WHAT IS REQUIRED: Below is a listing with pictures in it; transcribe exactly the lines from the one that has "Australian Open, Melbourne, Victoria, Australia" through the one that has "School_in_China.JPG", and omit those pictures.

TASK INPUTS:
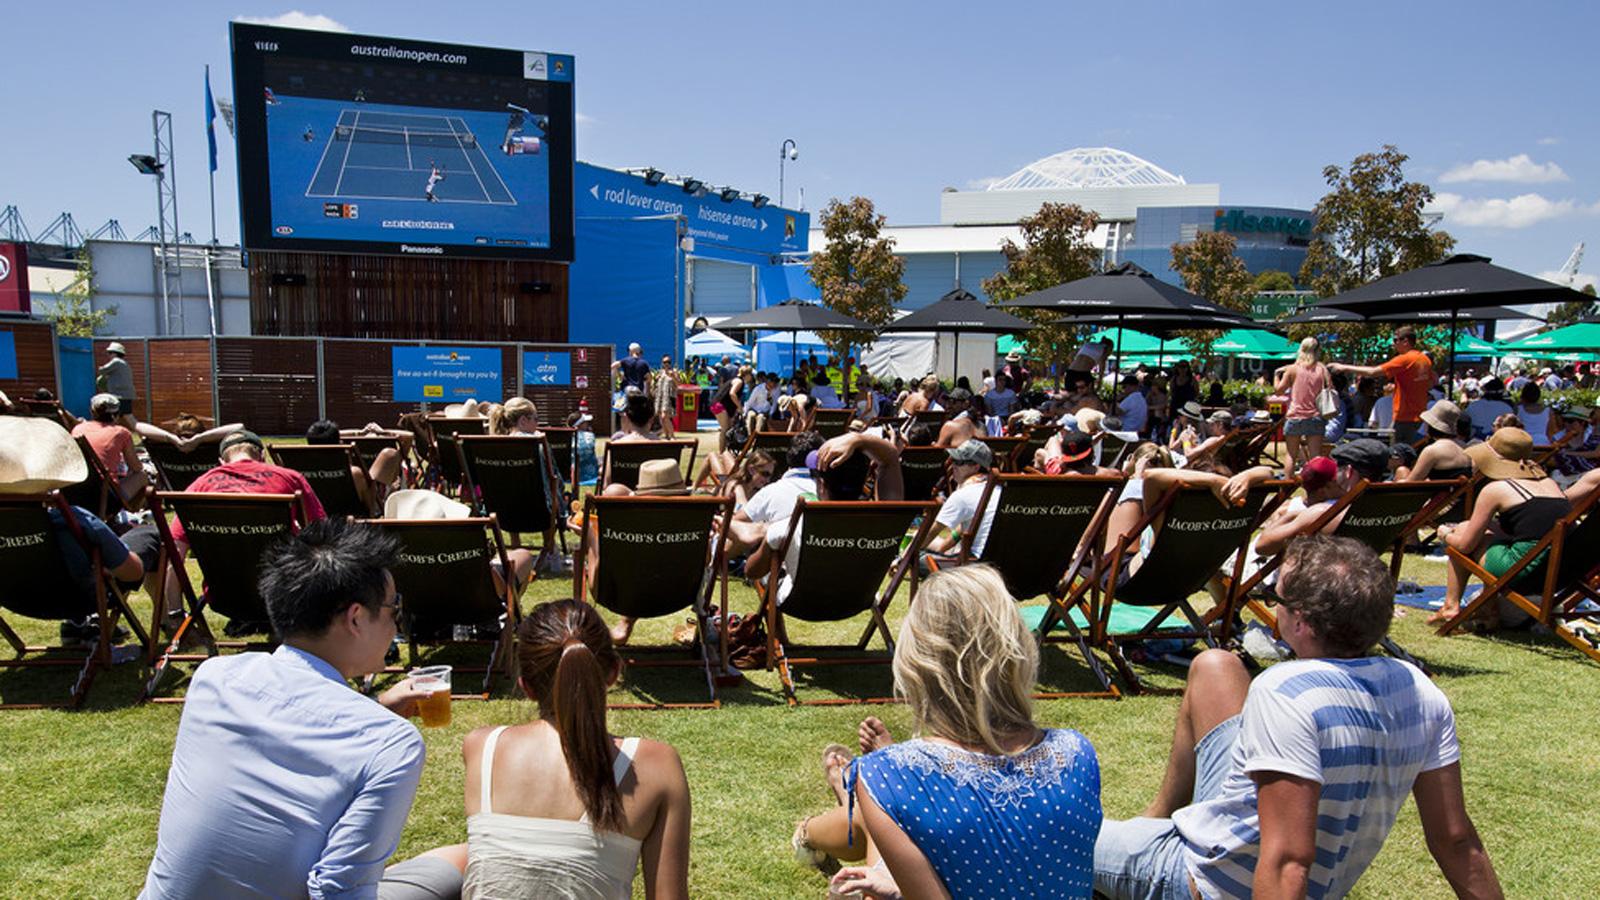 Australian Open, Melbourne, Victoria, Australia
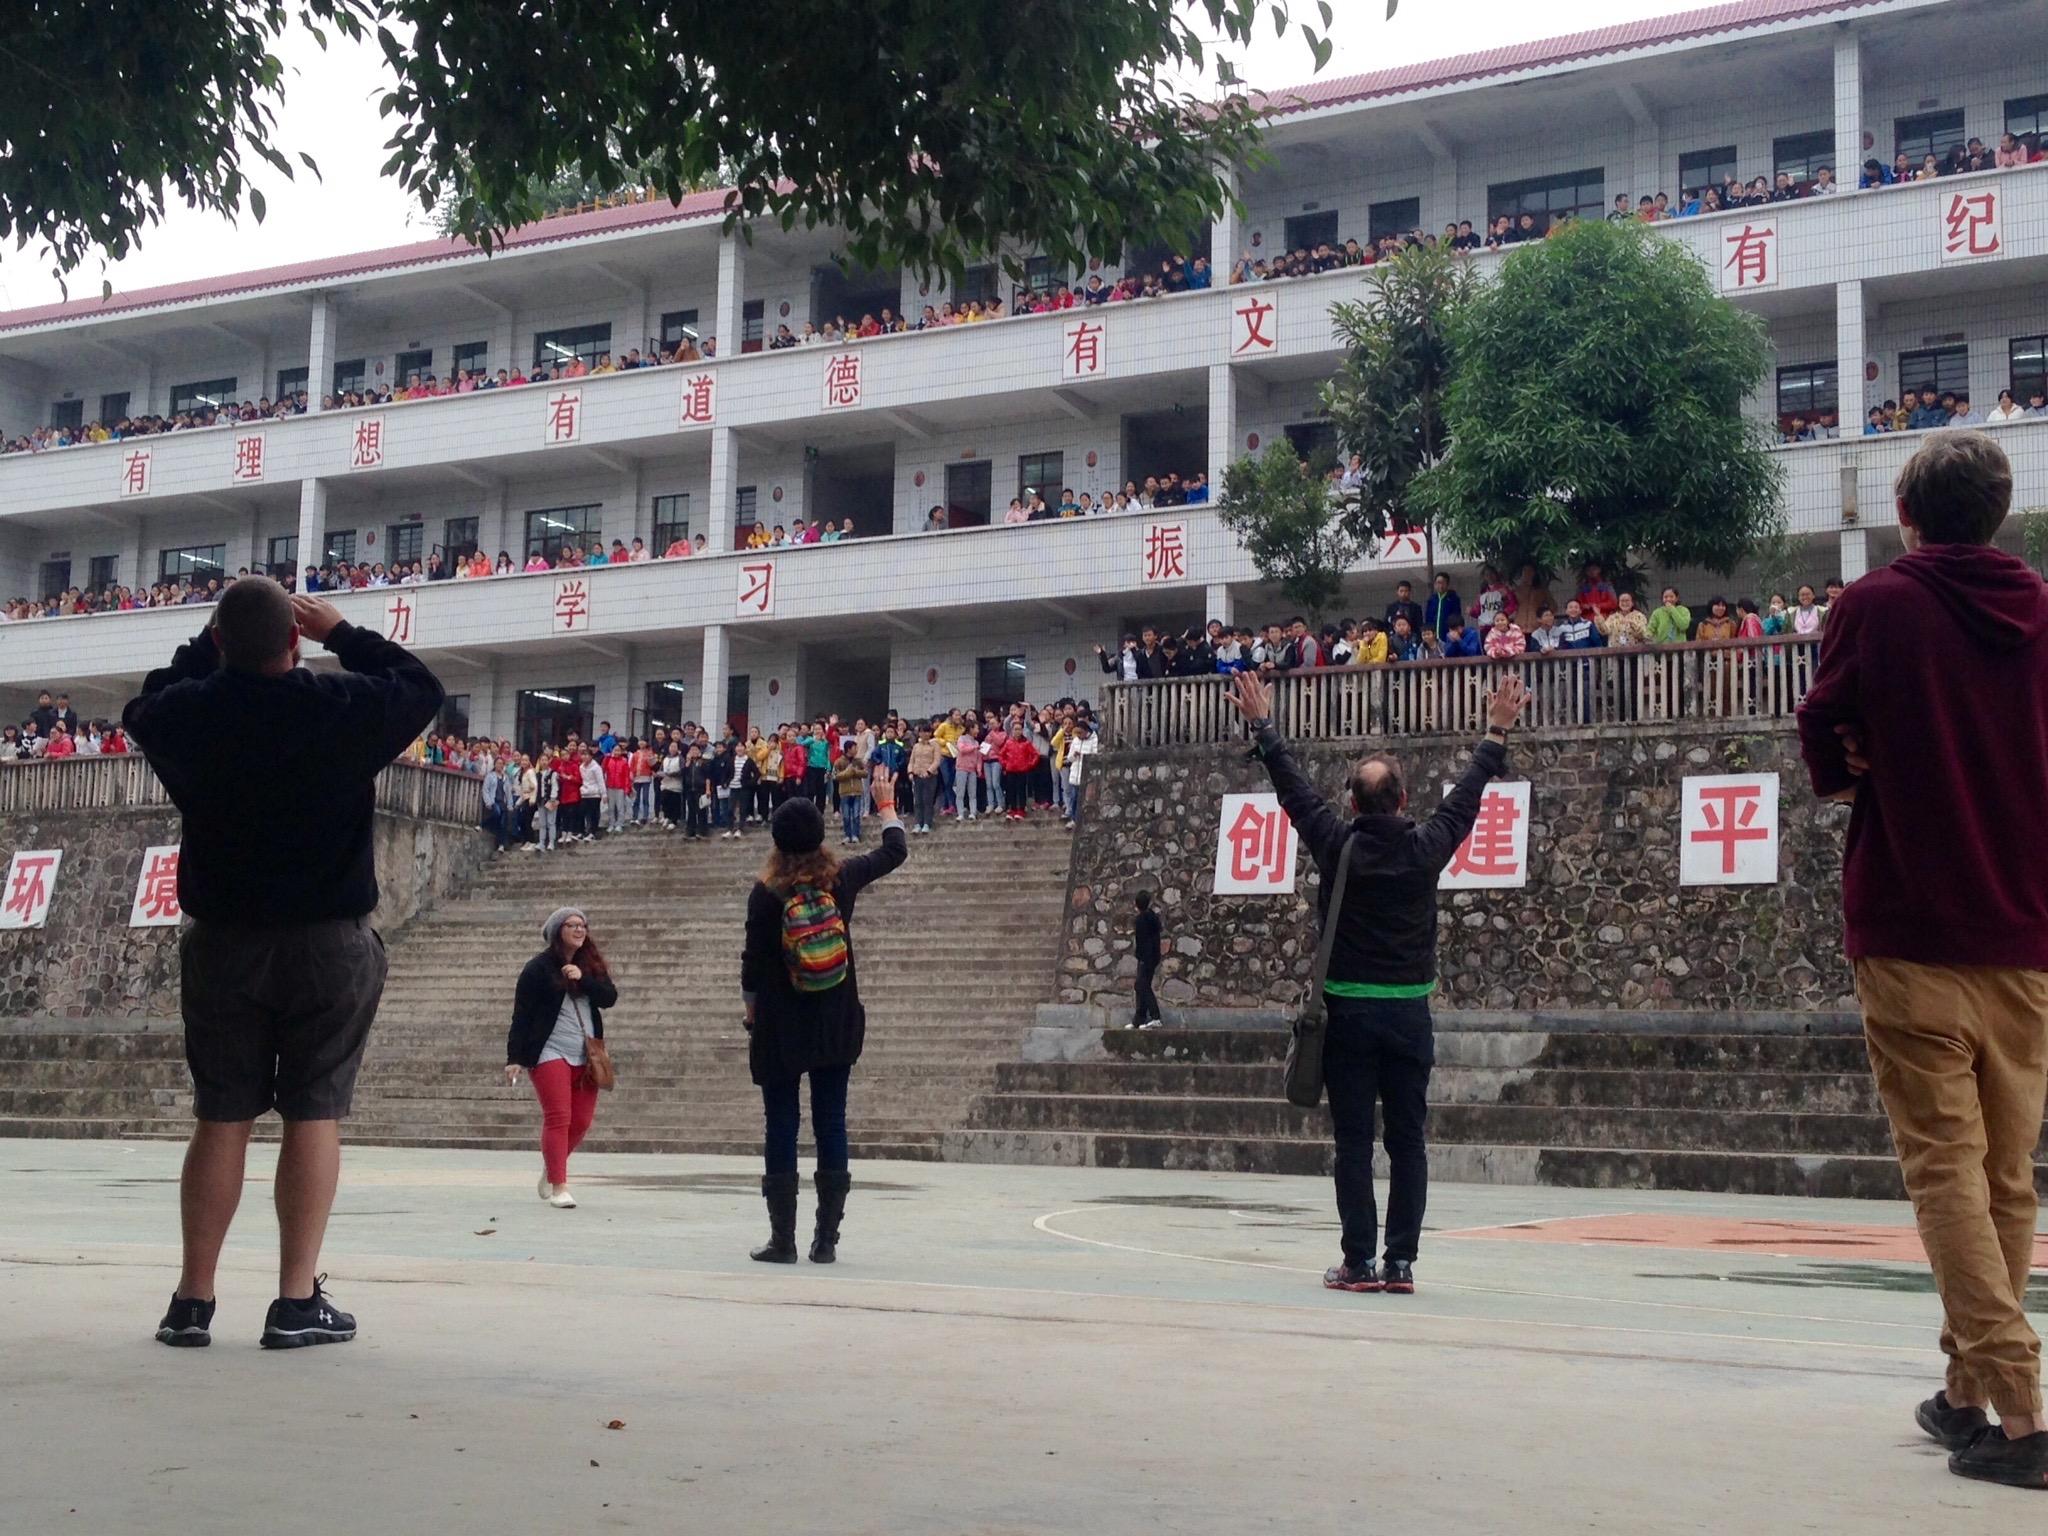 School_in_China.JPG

...

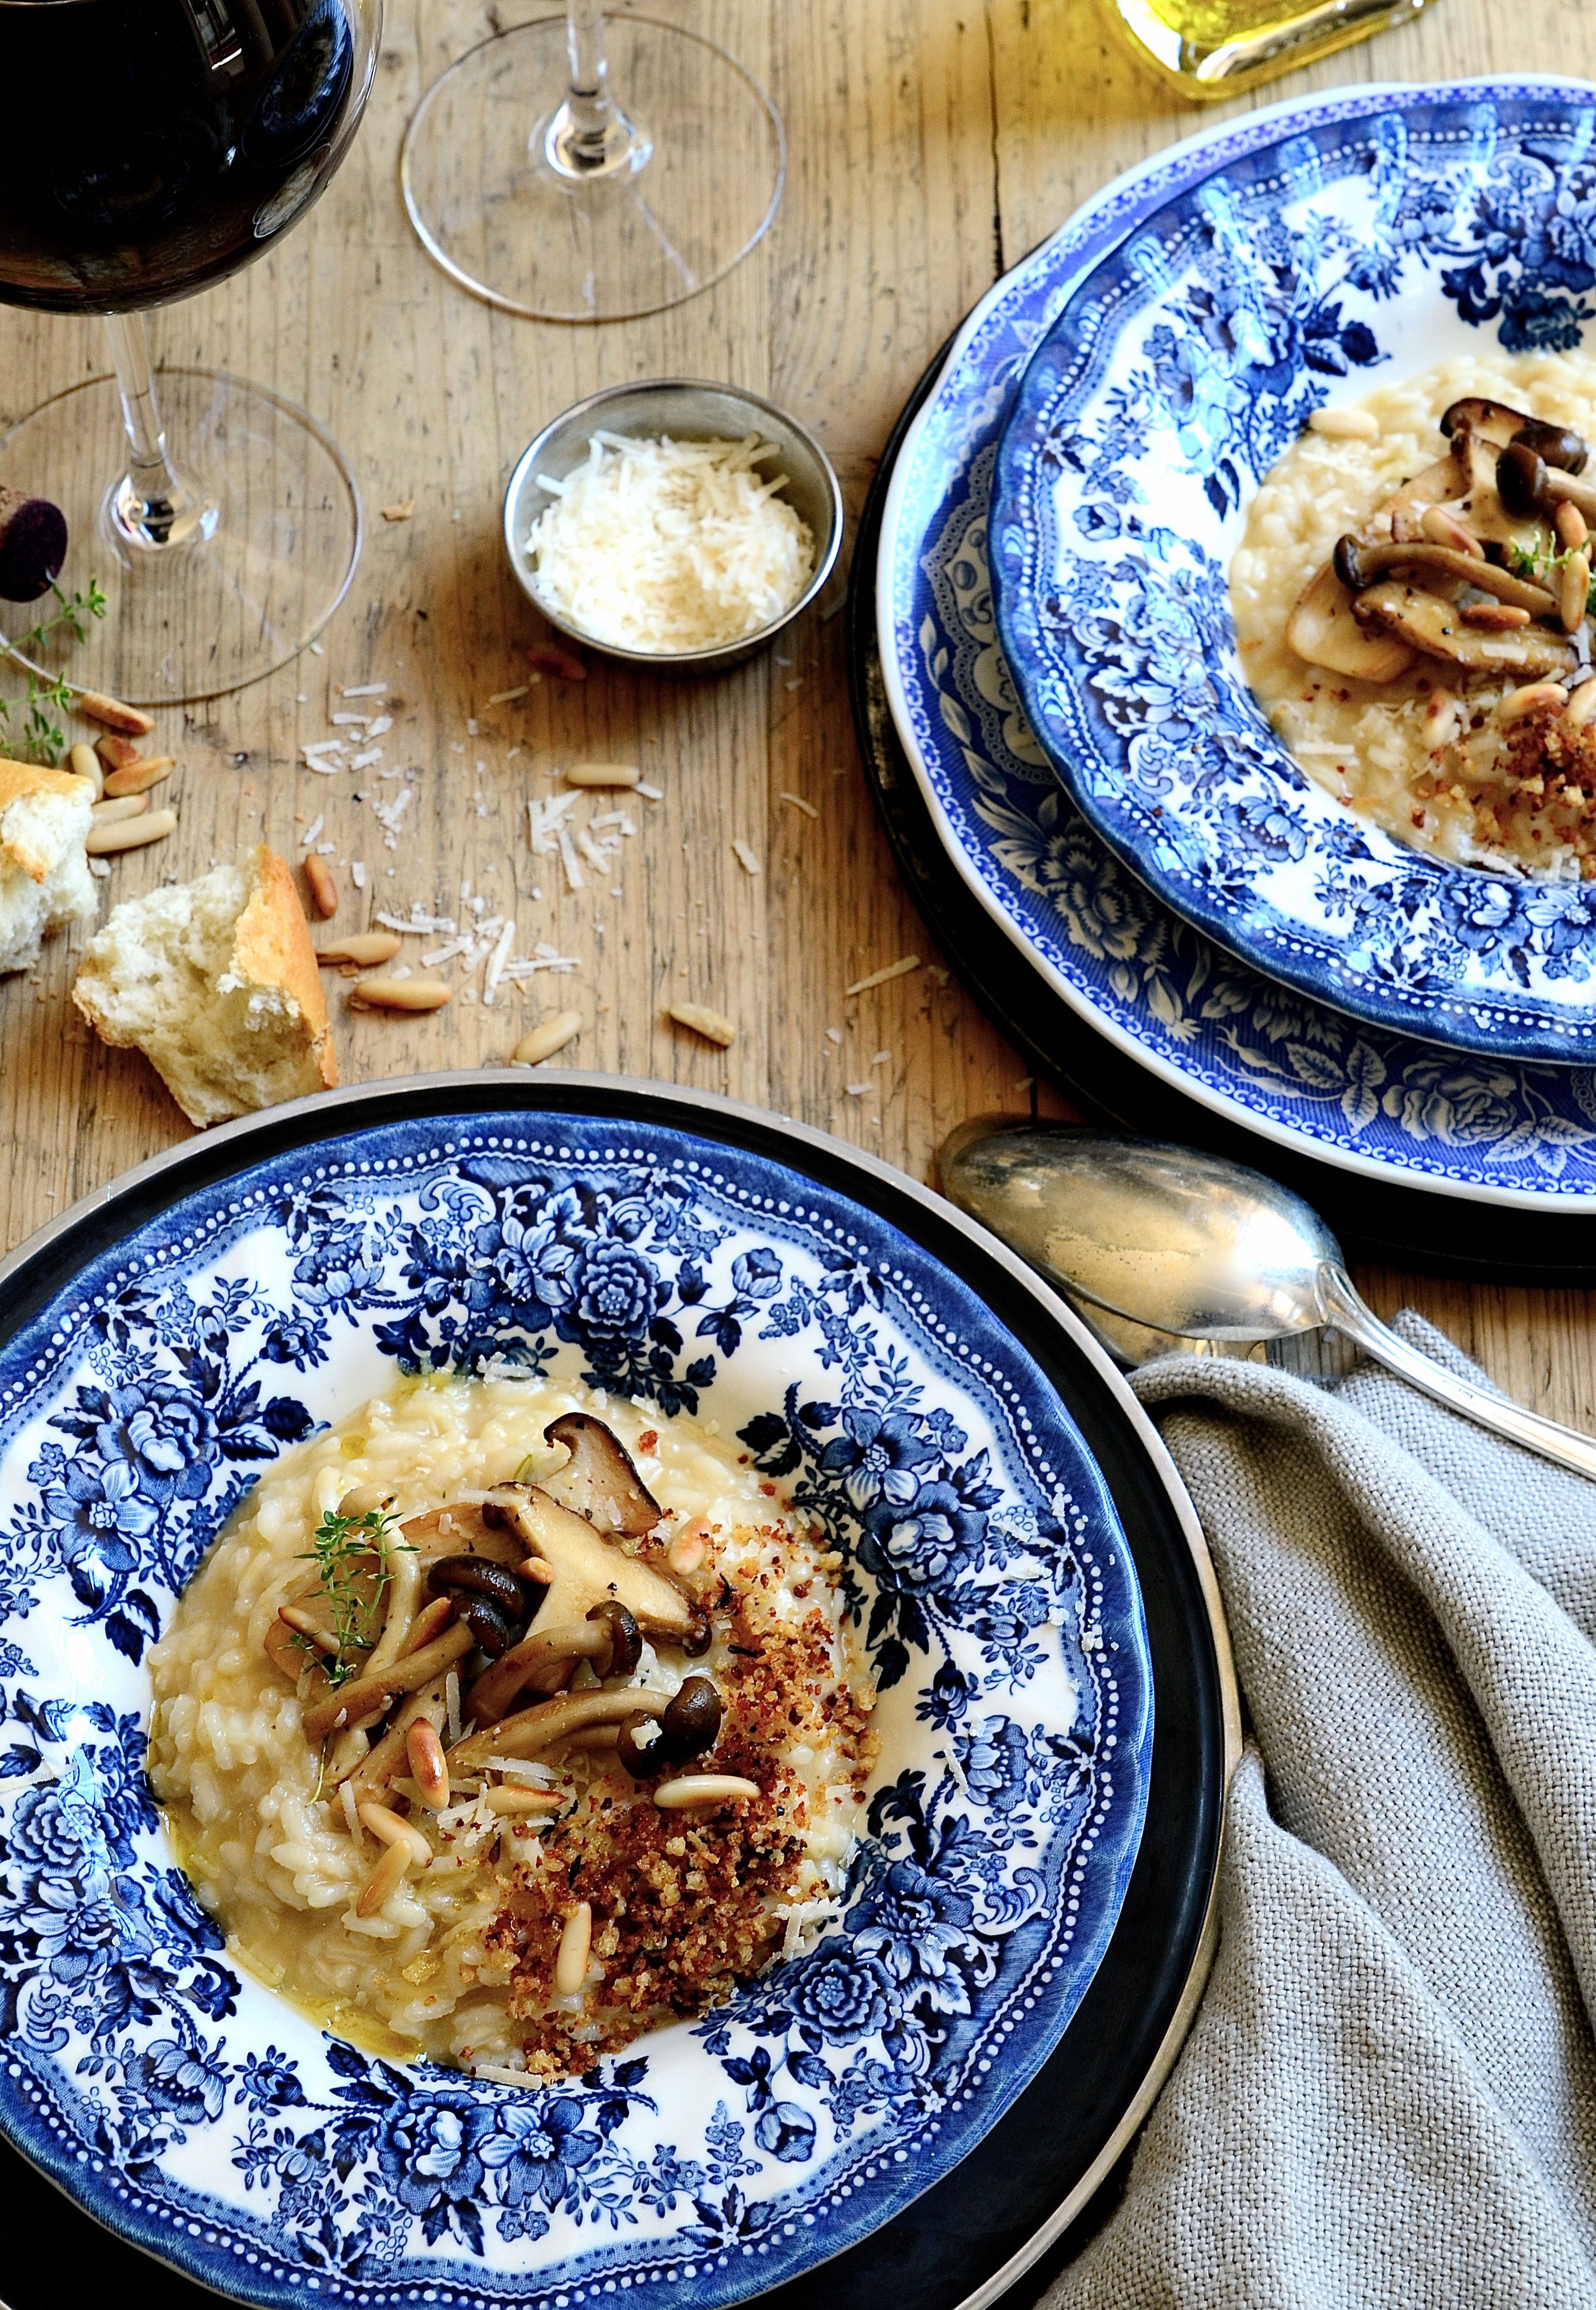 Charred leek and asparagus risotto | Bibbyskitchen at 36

COMPLETED TASK:
 Australian Open, Melbourne, Victoria, Australia
 School_in_China.JPG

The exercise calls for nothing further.